Aging just isn't what it used to be. Carroll O'Connor was only 47 when All in the Family premiered -- younger than Brad Pitt. And look at Mitt Romney. He's 65; he's fit, and he surfs. While wealthy, he's hardly an outlier. The majority of us aren't sitting in rockers in our 60s. We're physically active -- playing tennis and golf, hiking, traveling. We're living longer, healthier lives than ever before.
(Excerpt) Read more at americanthinker.com ...
You are welcome. It is human nature for people to think everyone has it like they do, until they are forced to stop and think about it.
So people here who have a soft desk job in an air-conditioned building out of the blinding sun and the freezing rain, have a tendency to forget it is a big world out there with people who do some really heavy lifting that takes its toll on your body as you age.
I certainly would not want to pick fruit and vegetables, and most certainly not at 80. There are a lot of really tedious, back breaking lousy jobs out there.

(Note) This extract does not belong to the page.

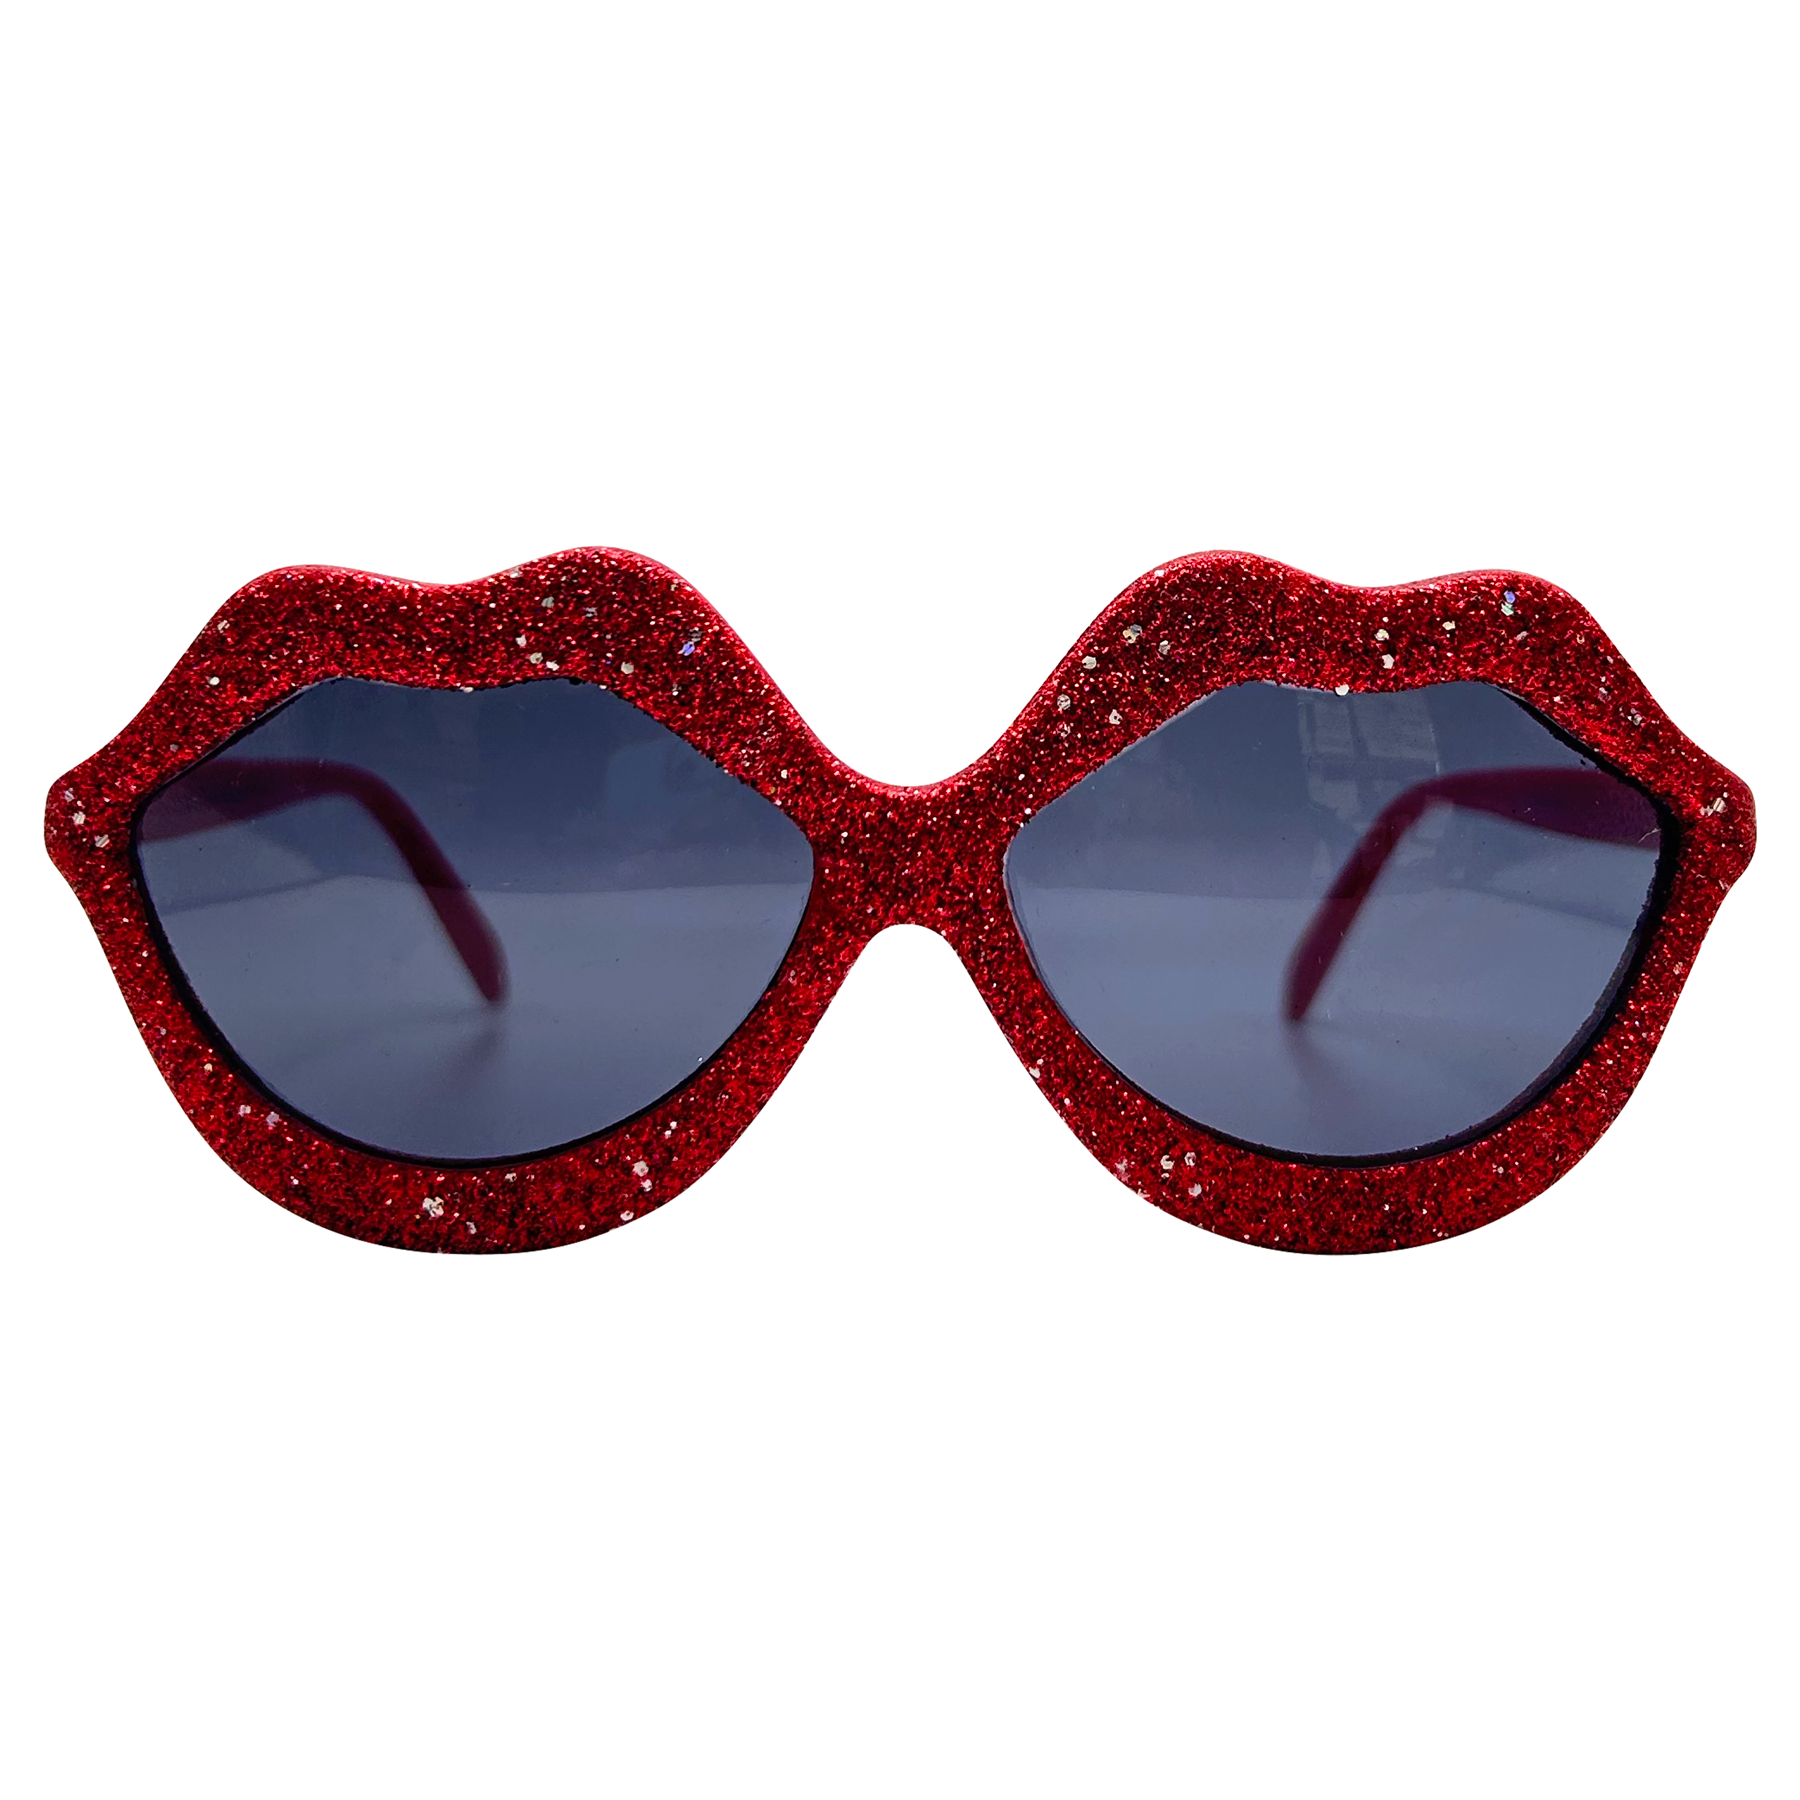 LOVE INTEREST Sparkly Lip-Shaped Sunglasses

People here may be self-employed or an IT manager or middle management in banking or something, and feel, “why not work until you are old”. Tell that to the 65 year old hotel chamber maid scrubbing toilets and floors on her hands and knees.
People just don’t think.
You said, “I just turned 65 this month. I started drawing SS when I turned 62 and have already collected over 20% more than whatever I put in.”
I am sure you are aware of the “time value of money”?
What is the current value of the annuity you put in over your lifetime at the average inflation rate over your lifetime?
That is what you “put in” to the system. In other words, what would a 401k savings plan in a money market account be worth if you got the rate of inflation and compounded annually. That is what you really put it.
Say you put in 5% a year for life in SS. Say the average inflation rate of the last 30 years. If you started at $20k 30 years before and finished at $100k at 62, then you would have put in 5% of your average pay or 5% of $60k for 30 years.
That is $90,000.
So you would have put in for example, $90,000.
The current worth of an annuity where you put in $3000 per year at 5% interest, you would have $210,000.
So you are owed $210,000 for the inflated value of the money you put in, not the $90,000 in raw un-inflated dollars.
And the best part, it really can work. Good luck FRiend.